In a satellite communication system, information is exchanged between an orbiting satellite and one or more terrestrial-based subscribers. As the satellite moves over the terrestrial-based subscribers, it illuminates a part of the earth's surface using at least one directional antenna beam. The angular energy distribution pattern generated by the satellite antenna includes a main beam through which communication with the terrestrial-based subscribers is achieved. The pattern also includes a sidelobe region of reduced gain response which exists to the sides of the main beam. The main beam of the directional antenna pattern is referred to as the communication beam. The communication beam facilitates the bidirectional information exchange between the satellite and the terrestrial-based subscribers. This information can represent analog or digitized voice, facsimile data, digitized audio or video, internet data, or other type of subscriber information.
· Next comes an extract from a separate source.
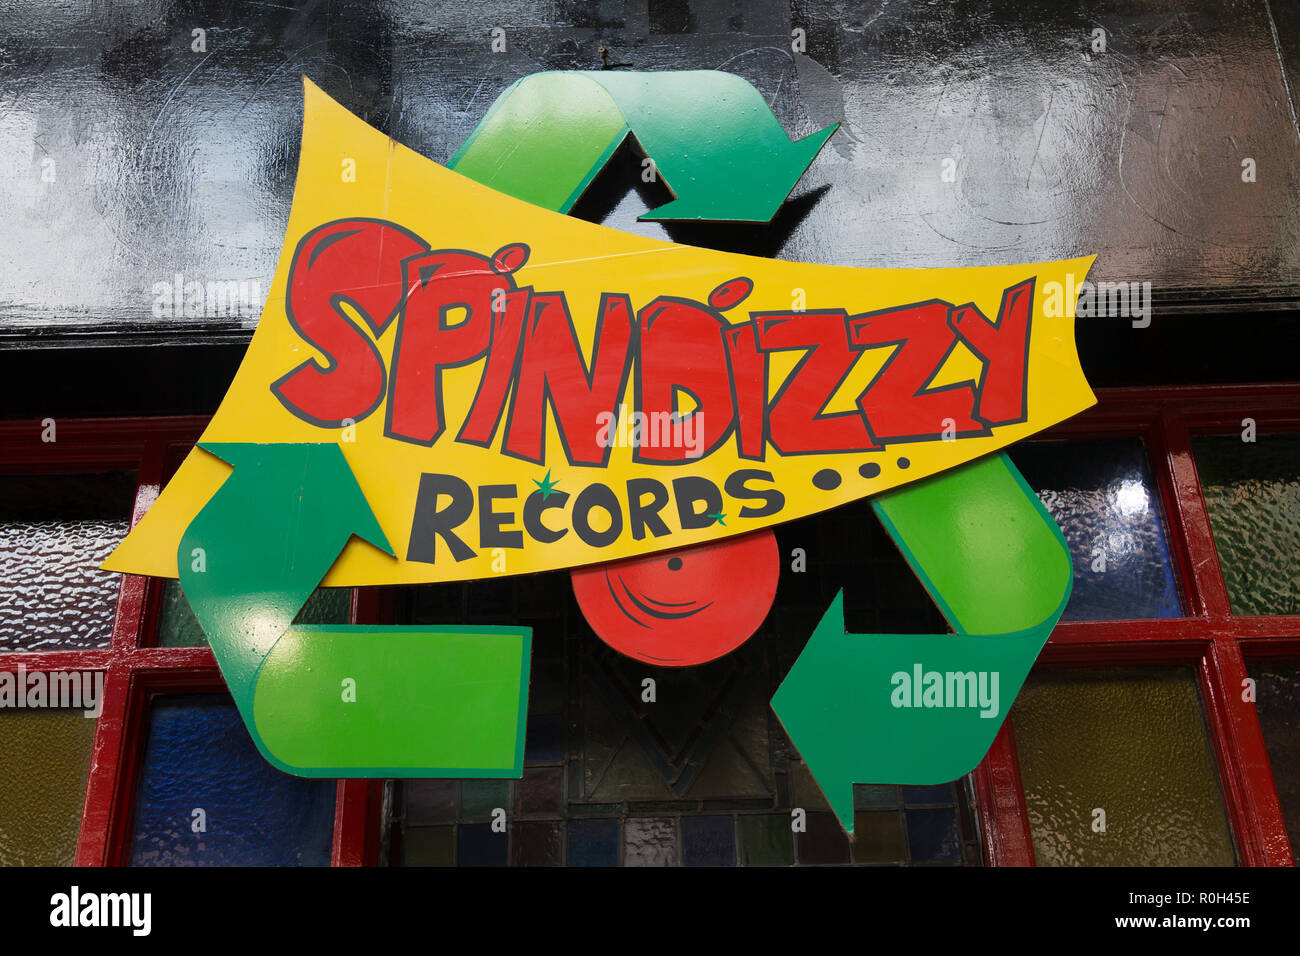 Spindizzy Records Shop, Georges Street Arcade - South City Market, Dublin; Irland Stockfoto
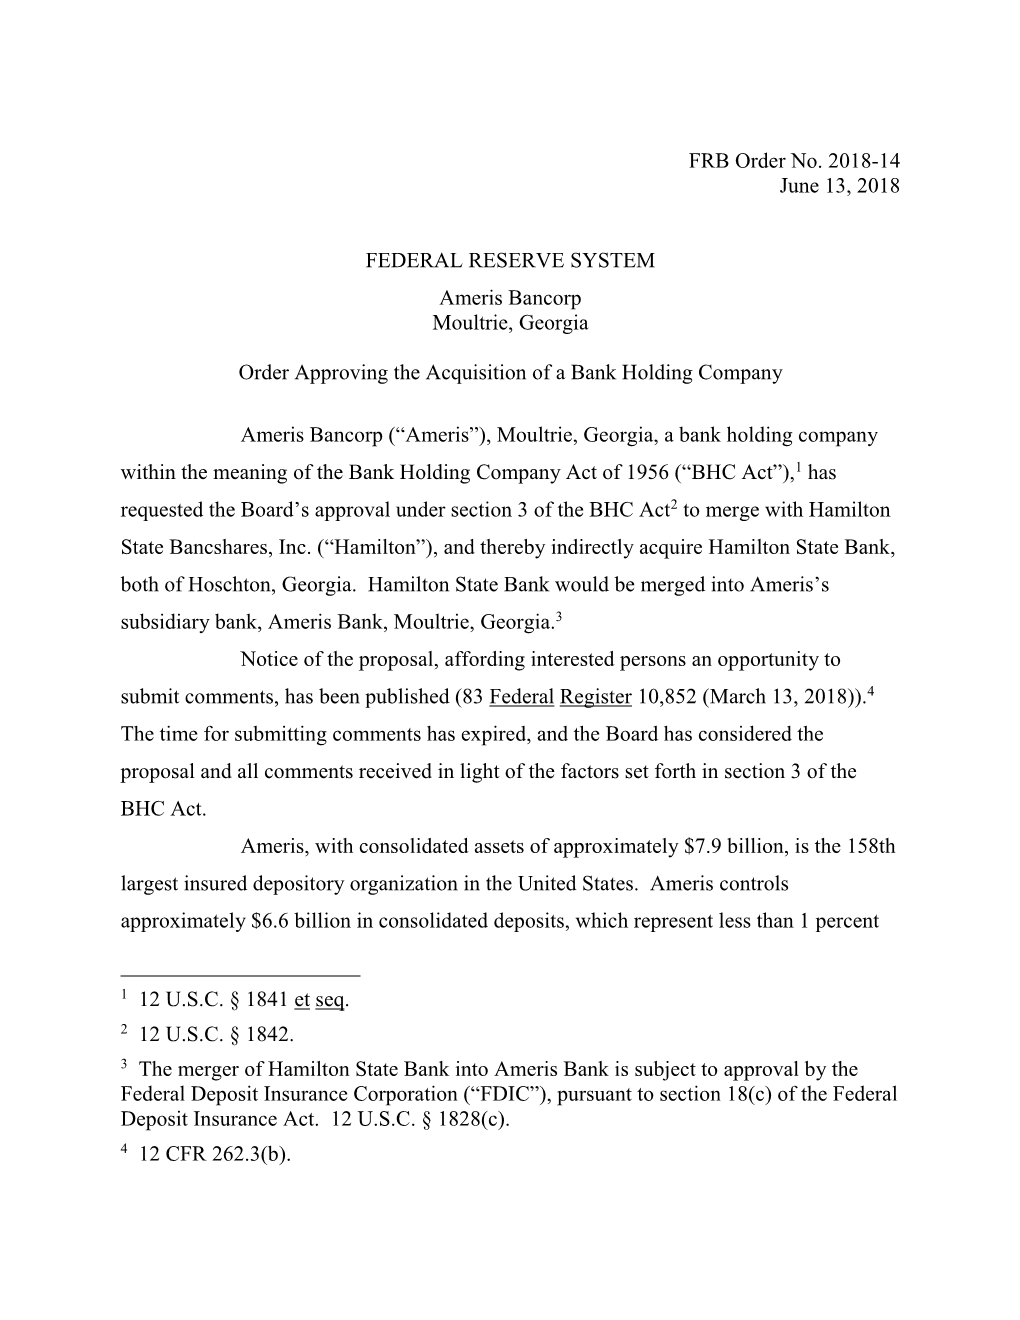 Order Approving the Acquisition of a Bank Holding Company

It is generally the case that the geographical distribution of terrestrial-based subscribers is not uniform across the surface of the earth. Subscribers tend to be concentrated within specific areas, with these areas separated by great distances. It is often true that the vast majority of terrestrial-based subscribers are concentrated within major metropolitan areas, along major roads and other thoroughfares, and other tightly bounded regions. Given this non-uniformity of subscriber density, it is advantageous to illuminate only those regions of the earth's surface which contain subscribers.
In a present day satellite communication system, such as the IRIDIUM.RTM. system, each communication beam subtends a fixed angular area. Each beam can be shared by multiple subscribers through the use of a unique frequency (in an FDMA system), or time slot (in a TDMA system), or may use another method of uniquely identifying the subscriber such as employing a unique spreading code in a CDMA system. Each of the unique divisions within a communication beam is referred to as a satellite channel. The satellite radiates a unique channel for each terrestrial-based subscriber of the satellite system when the subscriber is engaged in a call. In a system such as IRIDIUM.RTM., a beam can cover an area hundreds of miles wide.
Communication beams are generated by the satellite in response to as few as a single subscriber requiring connection with the satellite. It is generally desirable to provide as few communication beams as possible in order to minimize the resources required by the satellite to conduct communications with the terrestrial based subscribers. However, given that subscribers may be distributed over a wide geographical area, many beams must be generated by the satellite in order to provide connectivity with each of the terrestrial-based subscribers. This results in some of the energy from the satellite being radiated onto areas which do not contain subscribers. This increases the demand on the satellite resources needed to generate and maintain the communication beams.
An additional drawback to the use of communication beams which subtend a fixed angular area, is the relative difficulty for the satellite system to selectively avoid interference from terrestrial-based interfering stations. Since the communication beam generally possesses a defined pattern which includes a fixed main beam gain value as well as defined sidelobe levels, it is often difficult to overlay the maximum gain portion of the beam on an area which contains subscribers while simultaneously placing a minimum gain portion of the beam, such as a sidelobe, on an area which contains an interfering station. This can have the effect of reducing the quality of service provided to the terrestrial-based subscribers.
Therefore, what are needed are a method and system for overlaying high gain portions of a communication beam on specific geographical areas while overlaying minimum gain portions of a communication beam on other geographical areas. Such a system would provide increased efficiency in the use of satellite resources and provide a higher quality of service to those subscribers proximate with interfering stations.